═══ INFORMATION SHOWN
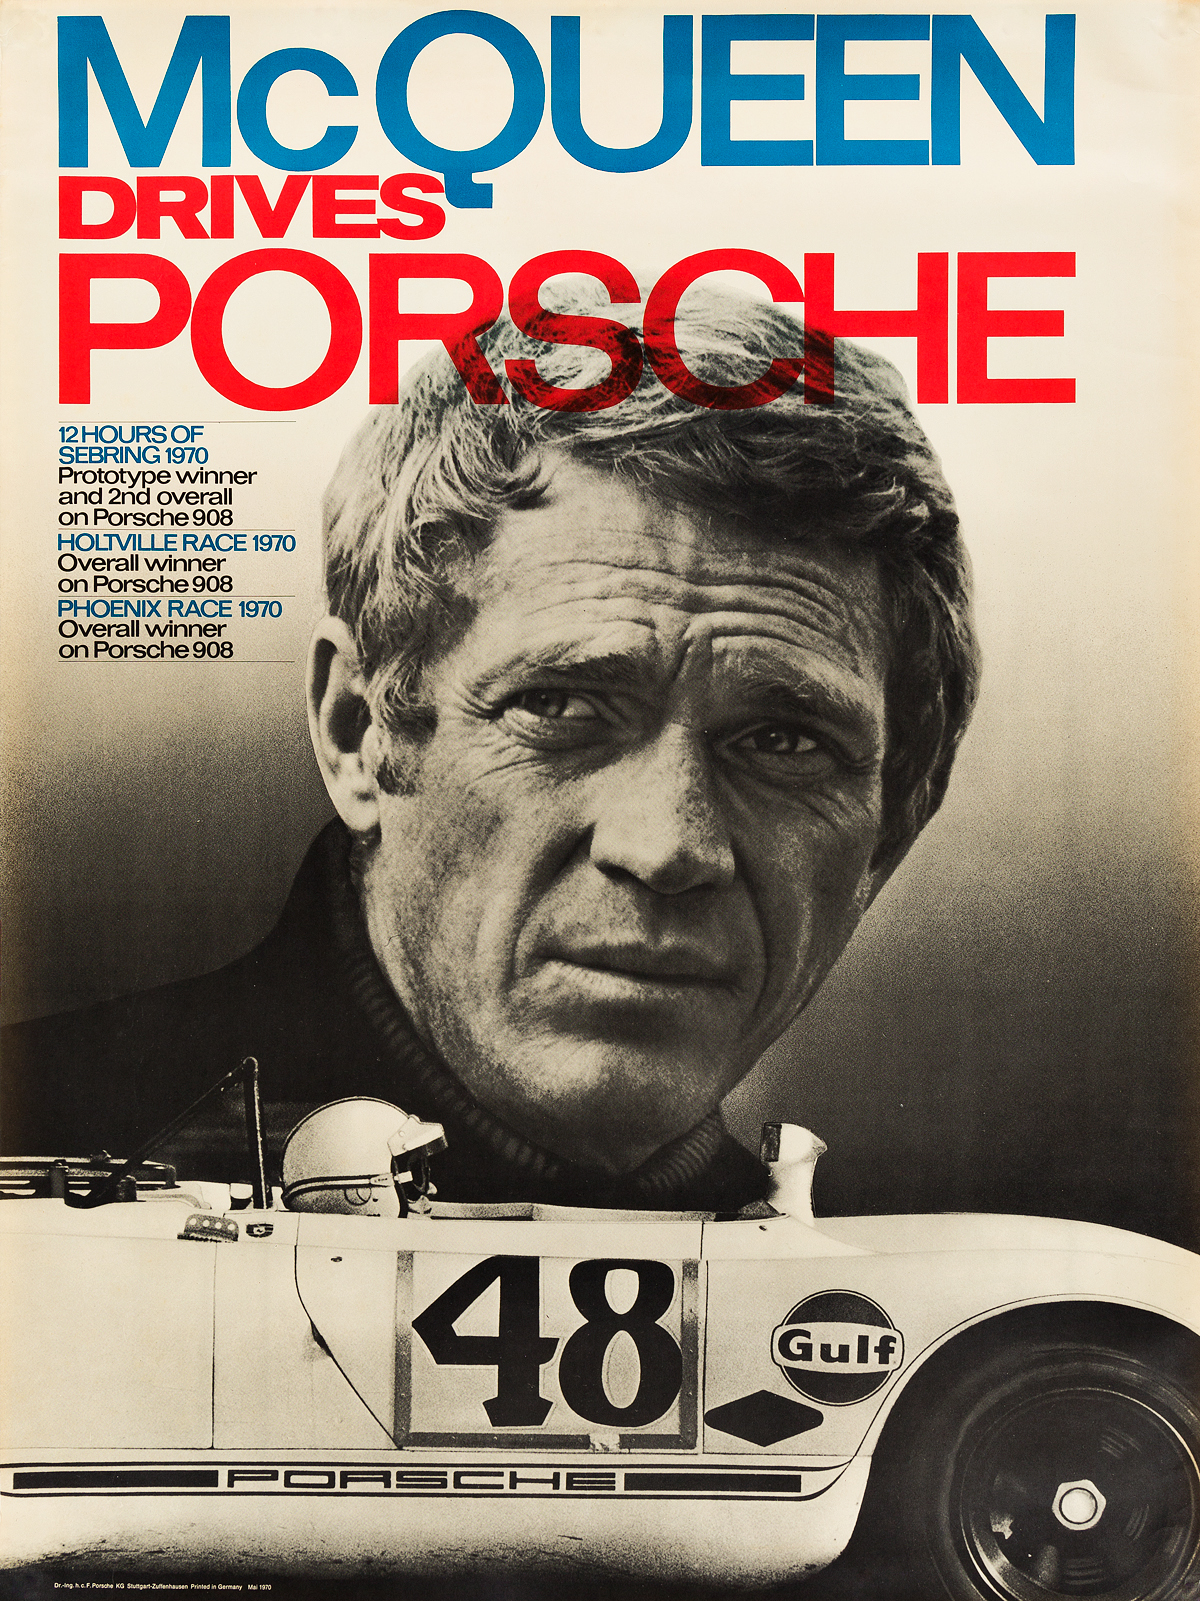 DESIGNER UNKNOWN. MCQUEEN DRIVES PORSCHE. 1970. 39x29 inches, 100x75 cm. F. Porsche, Stuttgart.
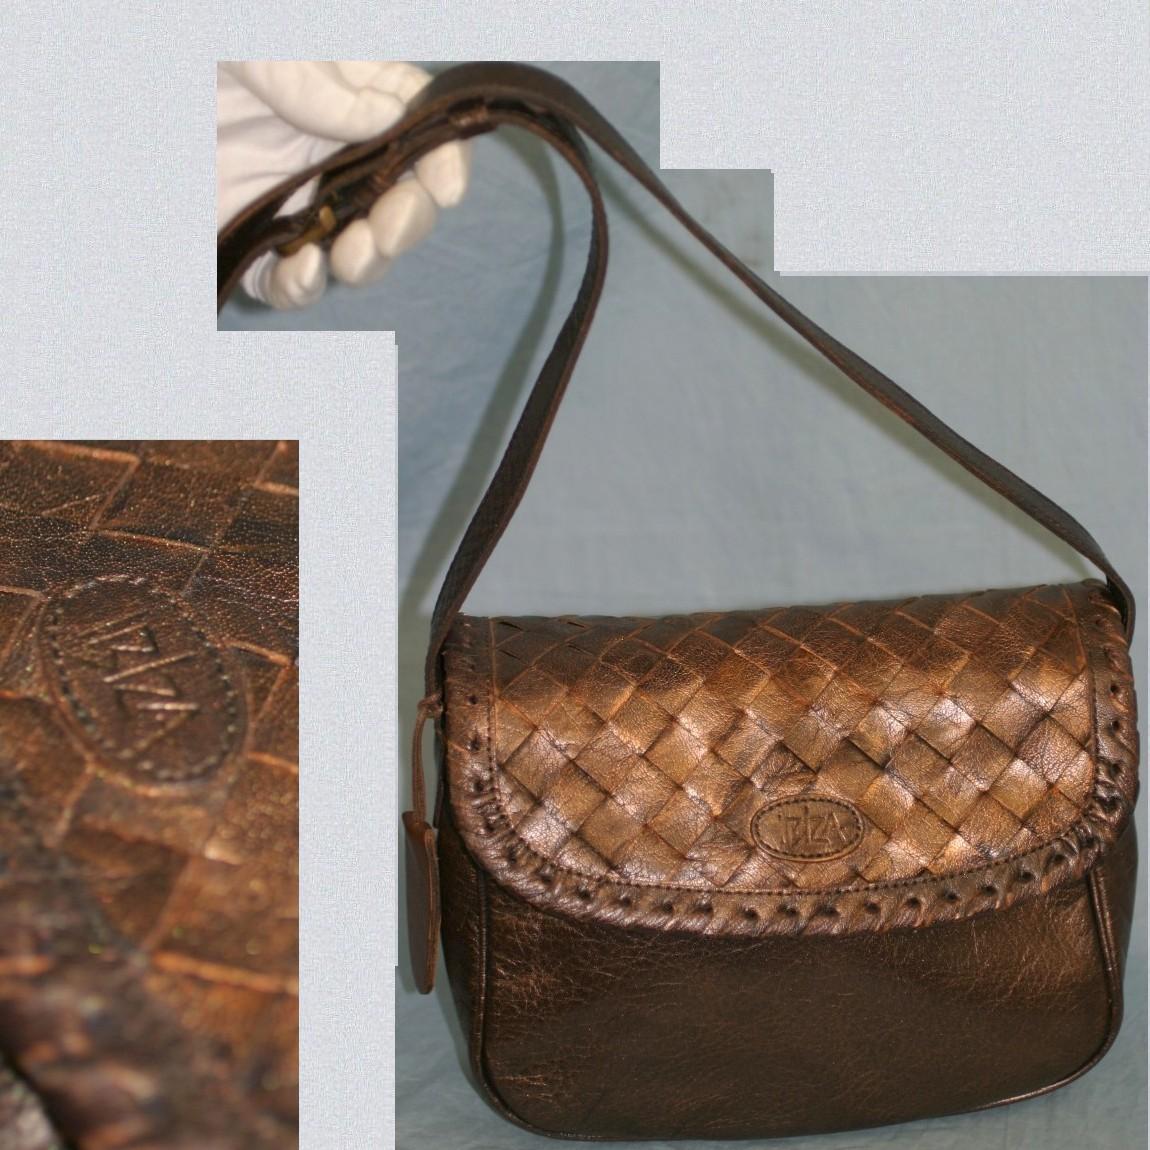 【中古】本物イビザ女性用21センチ蓋の部分が編みこんだ革ブロンズ色お洒落なショルダー
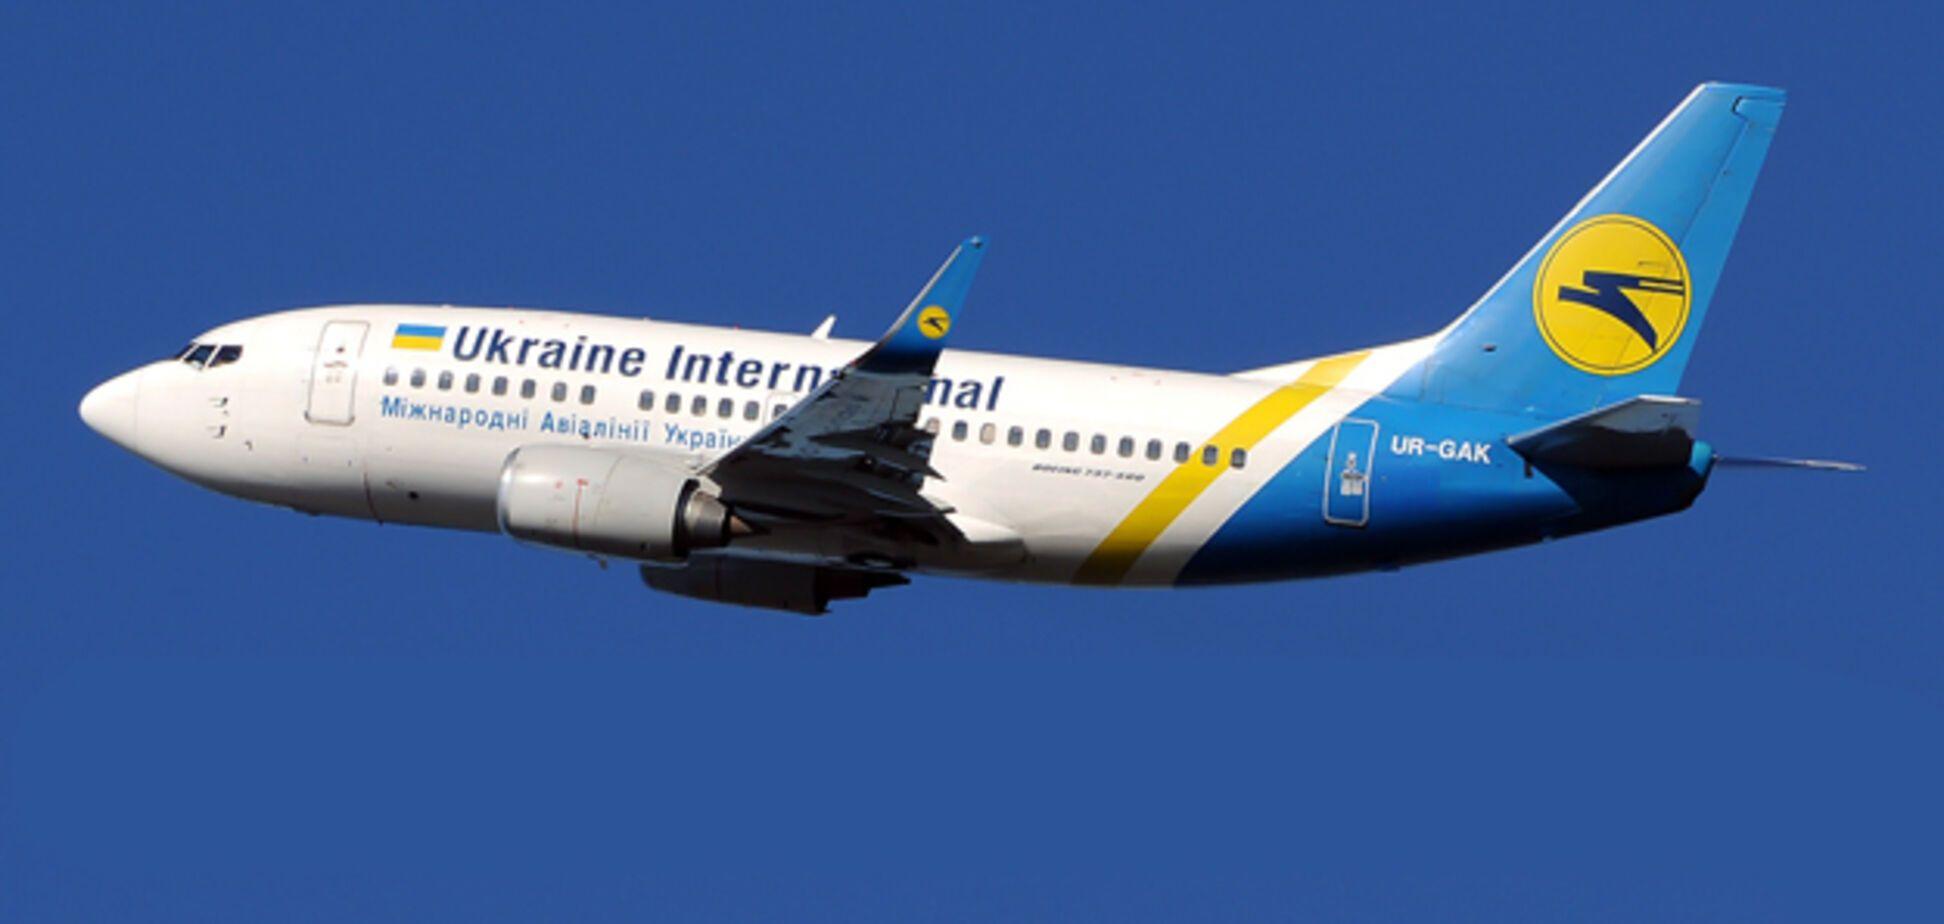 Самолет с туристами попал в серьезное ЧП над Украиной: подробности
══════
TASK INSTRUCTIONS:
Make an exact copy of the data, leaving its pictures out.

ANSWER TO THIS EXERCISE:
 DESIGNER UNKNOWN. MCQUEEN DRIVES PORSCHE. 1970. 39x29 inches, 100x75 cm. F. Porsche, Stuttgart.
 【中古】本物イビザ女性用21センチ蓋の部分が編みこんだ革ブロンズ色お洒落なショルダー
 Самолет с туристами попал в серьезное ЧП над Украиной: подробности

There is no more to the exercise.